Safe reinforcement learning (RL) with hard constraint guarantees is a
promising optimal control direction for multi-energy management systems. It
only requires the environment-specific constraint functions itself a prior and
not a complete model (i.e. plant, disturbance and noise models, and prediction
models for states not included in the plant model - e.g. demand, weather, and
price forecasts). The project-specific upfront and ongoing engineering efforts
are therefore still reduced, better representations of the underlying system
dynamics can still be learned and modeling bias is kept to a minimum (no
model-based objective function). However, even the constraint functions alone
are not always trivial to accurately provide in advance (e.g. an energy balance
constraint requires the detailed determination of all energy inputs and
outputs), leading to potentially unsafe behavior. In this paper, we present two
novel advancements: (I) combining the Optlayer and SafeFallback method, named
OptLayerPolicy, to increase the initial utility while keeping a high sample
efficiency. (II) introducing self-improving hard constraints, to increase the
accuracy of the constraint functions as more data becomes available so that
better policies can be learned. Both advancements keep the constraint
formulation decoupled from the RL formulation, so that new (presumably better)

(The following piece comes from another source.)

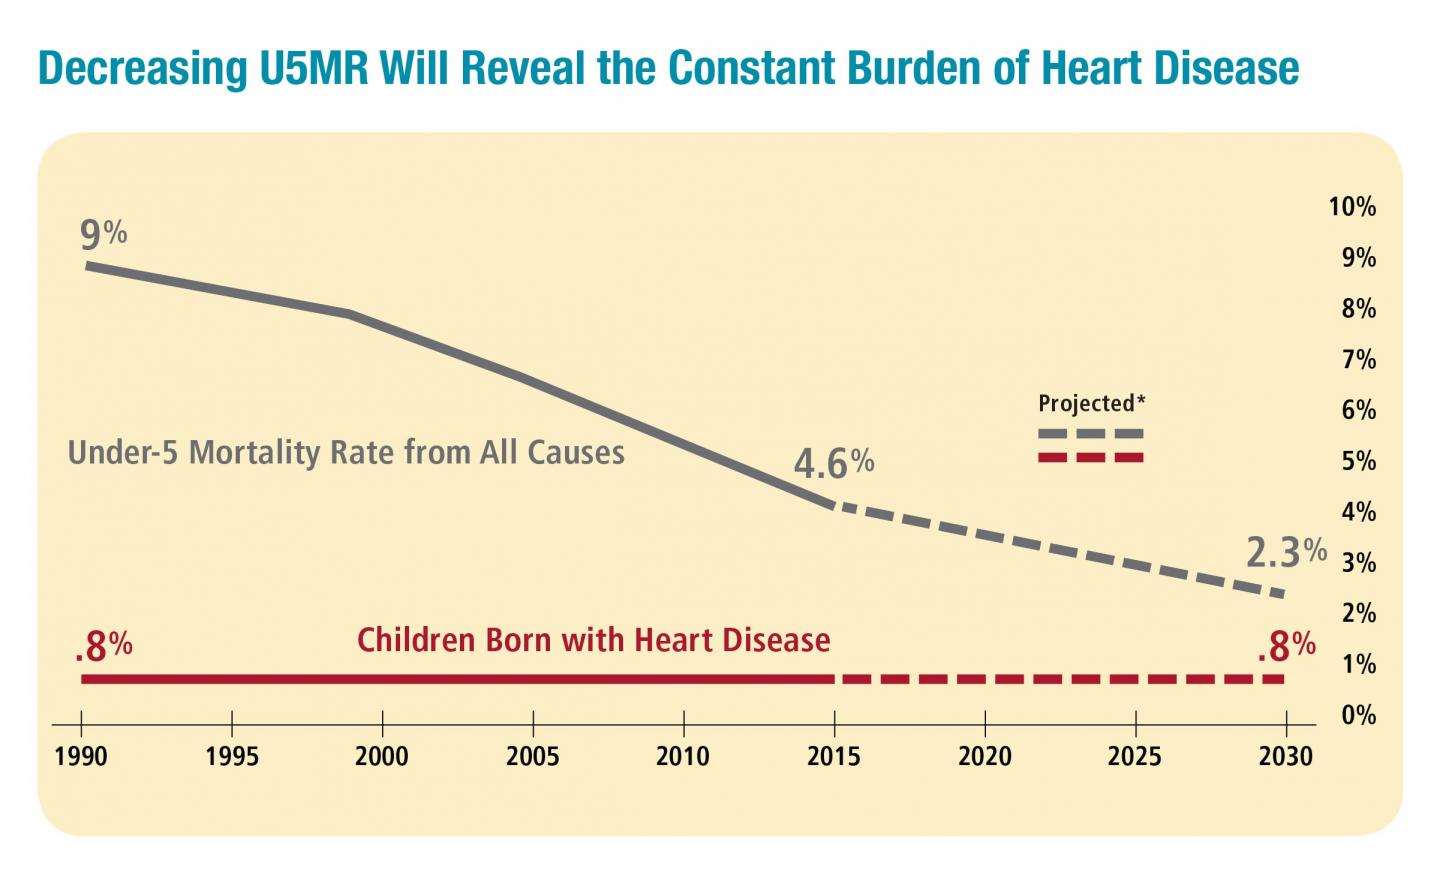 Decreasing Under-5 Mortality Rate Will Reveal the Constant Burden of Heart Disease

RL algorithms can act as drop-in replacements. We have shown that, in a
simulated multi-energy system case study, the initial utility is increased to
92.4% (OptLayerPolicy) compared to 86.1% (OptLayer) and that the policy after
training is increased to 104.9% (GreyOptLayerPolicy) compared to 103.4%
(OptLayer) - all relative to a vanilla RL benchmark. While introducing
surrogate functions into the optimization problem requires special attention,
we do conclude that the newly presented GreyOptLayerPolicy method is the most
advantageous.

本文介绍了两项新的安全强化学习方法，OptLayerPolicy 和 self-improving hard constraints，将约束函数与 RL 形式解耦，以提高初始效用和准确性，提供了在模拟的多能源系统案例研究中实现 92.4%（OptLayerPolicy）的初始效用和 104.9%（GreyOptLayerPolicy）的策略的结果。